The exchange rate between the euro and the US dollar on Tuesday was the same for the first time in 20 years. As of Tuesday morning, one euro is exactly one dollar, which means that the value of the euro is lower by more than 12 percent compared to the value at the beginning of the year.
This means that the euro is the weakest against the dollar since the winter of 2002, twenty years ago.
Just one day ago, reported CCN, the dollar was just half a penny away from the euro. The euro hovered around $1.004 on Monday afternoon, down about 12% since the start of the year. Fears of a recession on the continent abound, stoked by high inflation and energy supply uncertainty caused by Russia’s invasion of Ukraine.
Although the news is positive for Americans doing business and traveling in Europe, it is a worrying sign for the health of the global economy.
The euro has been significantly weakened by the European energy crisis due to the war in Ukraine.
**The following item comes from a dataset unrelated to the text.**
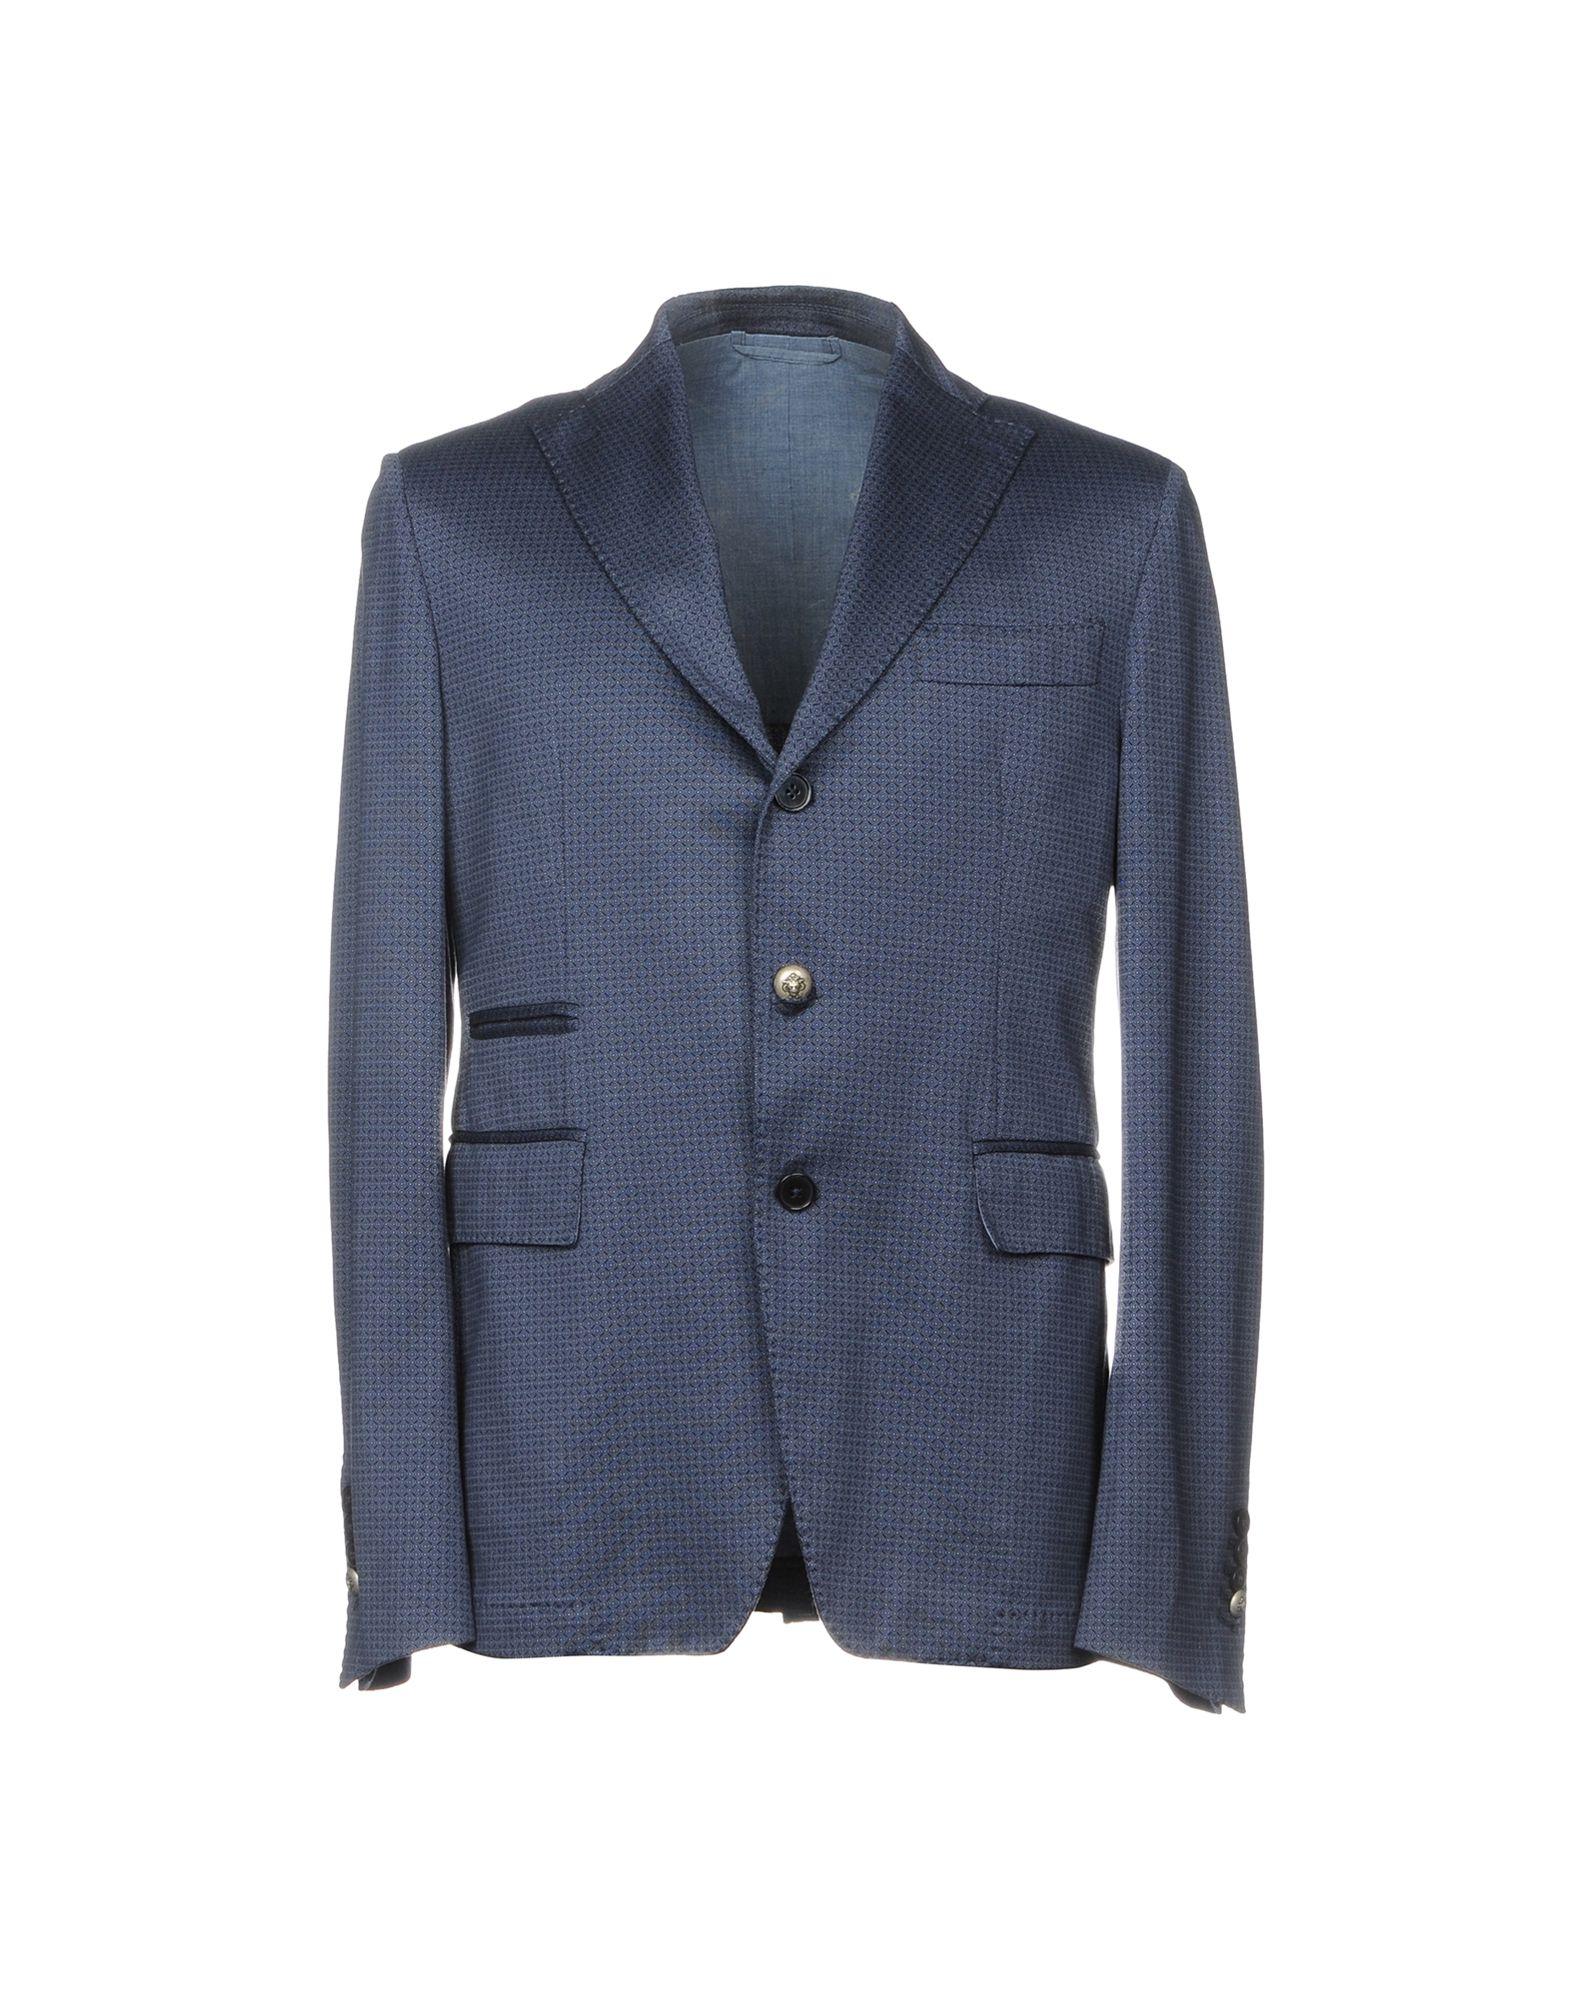 《送料無料》JOHN SHEEP メンズ テーラードジャケット ブルー 52 100% コットン
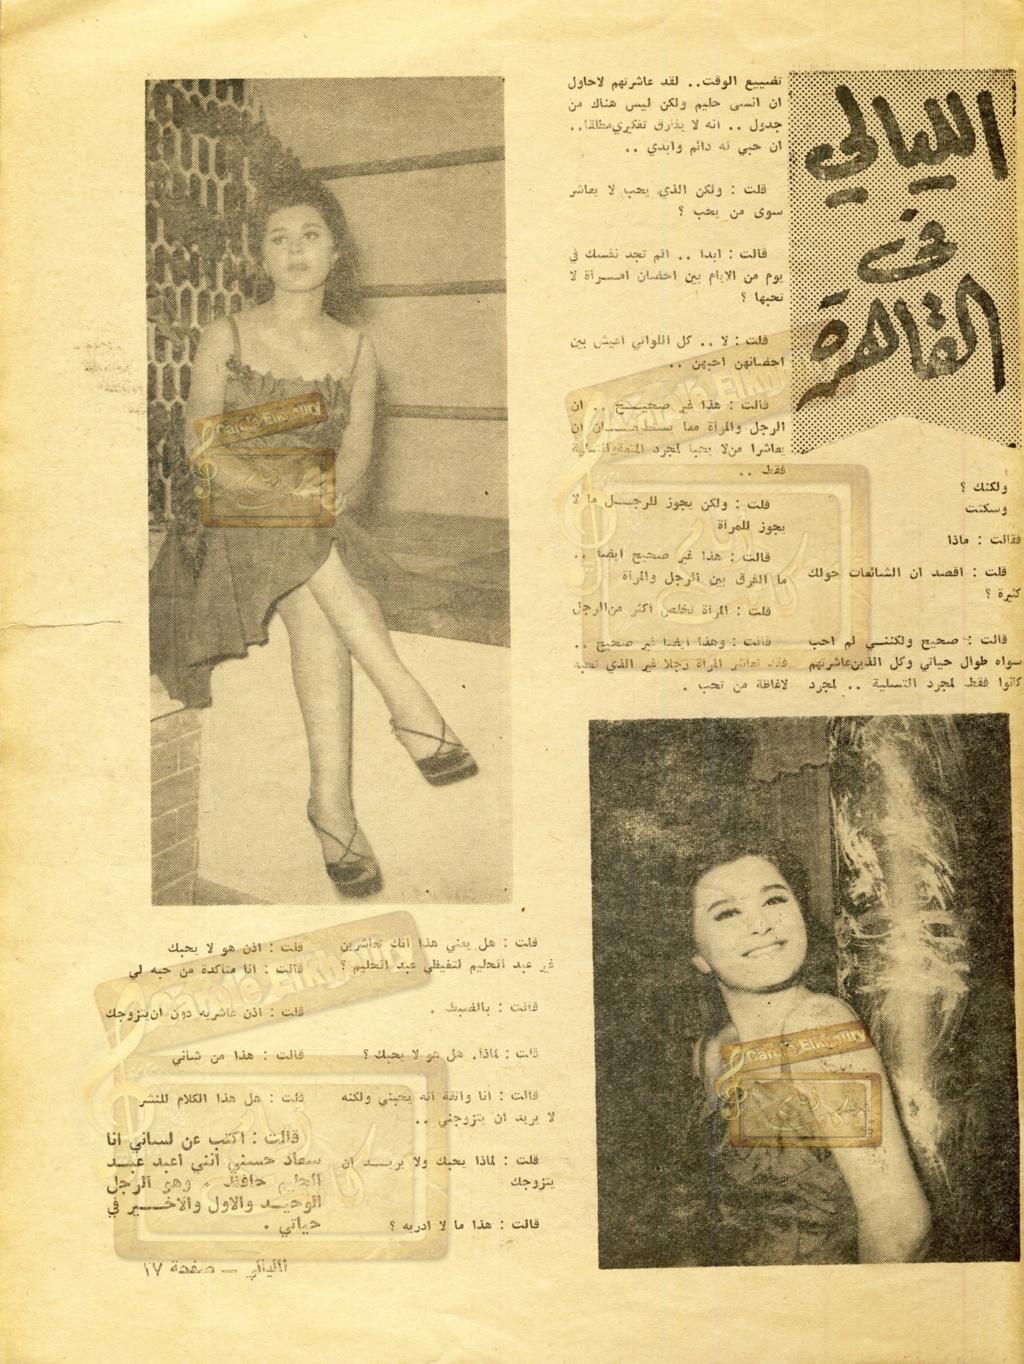 حوار صحفي : سعاد حسني .. عبدالحليم حافظ الرجل الأوّل والأخير في حياتي 1965 م 262

Russia provided almost 40 percent of European gas before the war with Ukraine, and the bloc is now trying to reduce its dependence on Russian energy sources.
Parity between the euro and the dollar comes at a time when Russia has shut down a key gas pipeline – Nord Stream 1 – which carries gas to Germany. The gas pipeline is closed for annual maintenance.
Economic decline in Europe
Meanwhile, the dollar has strengthened as investors flee to the currency as a safe haven, while the Federal Reserve moves to raise interest rates at its fastest pace since 1994 to curb red-hot inflation.
And while fears of a recession are brewing in the US, experts believe that the chances of economic decline in Europe are much higher.